Cities are central to achieving sustainability, yet urban redevelopments – often justified as sustainable – have displaced 15 million people. This research asks how we can find socially sustainable paths of urban development.

  • Project dates: 2016–2018

Sustainability has become a near-ubiquitous feature of urban policies, programs and projects in cities around the world proliferating whole new sub-fields of urban scholarship and practice.

Within the great diversity of definitions there is a general consensus that pivots on Brundtland’s 1987 original definition of sustainable development: sustainable city futures must (at least) be ecologically sensitive, socially just and economically viable. This means that urban processes that are deeply socially unjust, or profoundly ecologically destructive, or economically catastrophic cannot in good conscience be considered sustainable.

It is notable, then, that despite this extraordinary proliferation of sustainability policies, designs, guidelines, construction technologies, planning techniques, research approaches and conceptual tools, contemporary urban development trends display an intensification of social division, ecological destruction and economic vulnerability on scales never witnessed before.

This is particularly witnessed through current global levels of displacement as a result of urban development, which the Red Cross estimates at 15 million people.

Displacement is enacted through evictions, colonisation, slum clearance, bullying, land theft, state repression, compulsory acquisition, and gentrification. The scale, pace and mechanisms enacting displacement differ markedly between contexts and cities.

Yet despite those differences, at the centre of all processes of displacement is a fundamental contest between different kinds of property rights: the property relations of those being dispossessed are neither recognised nor powerful in the process of urban development. This project focuses on property rights as structural features of urban development that are essential for seeking and securing sustainable urban futures.

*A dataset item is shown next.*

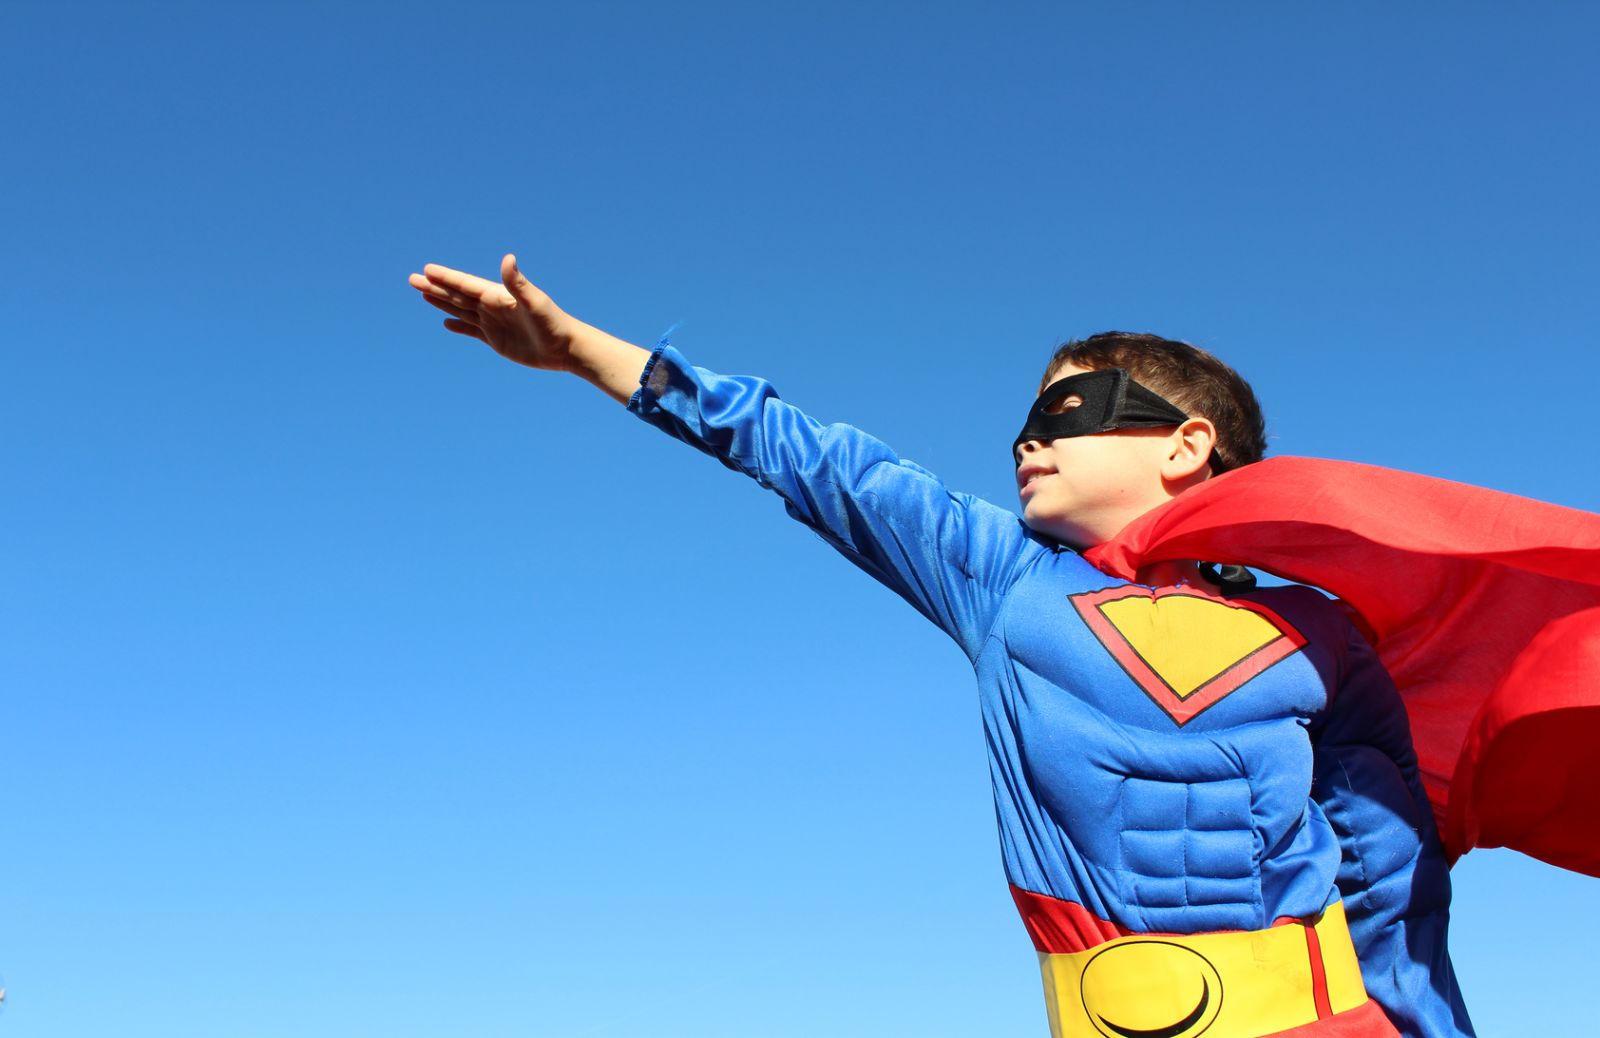 Bambini e supereroi: rischio di sviluppare comportamenti aggressivi

To do, the project investigates three instances of marginalised and vulnerable expressions of property in three very different cities. First, is the city of Melbourne where Indigenous people express continued connections to their lands now fully taken over by urban development. Second, is the city of Santiago, Chile, where the Indigenous Mapuche people are returning to the city as part of their wider struggle for land justice, building community spaces in the heart of the city.

Third, is the city of Sao Paulo in Brazil, where urban social movements are taking over long-abandoned properties in the central city to provide much-needed housing and to demand the ‘right to centrality.’

Each represents a very different expression of being in a propertied relationship to place, even though that relationship might not be formally recognised through a title or protected by law.

The project is undertaking in-depth interviewing and participatory mapping in each case area to understand what these different expressions of property look like, how they are vulnerable to the aspirations of urban sustainable development, and how they help us rethink a more just conception of urban sustainability for the 21st century.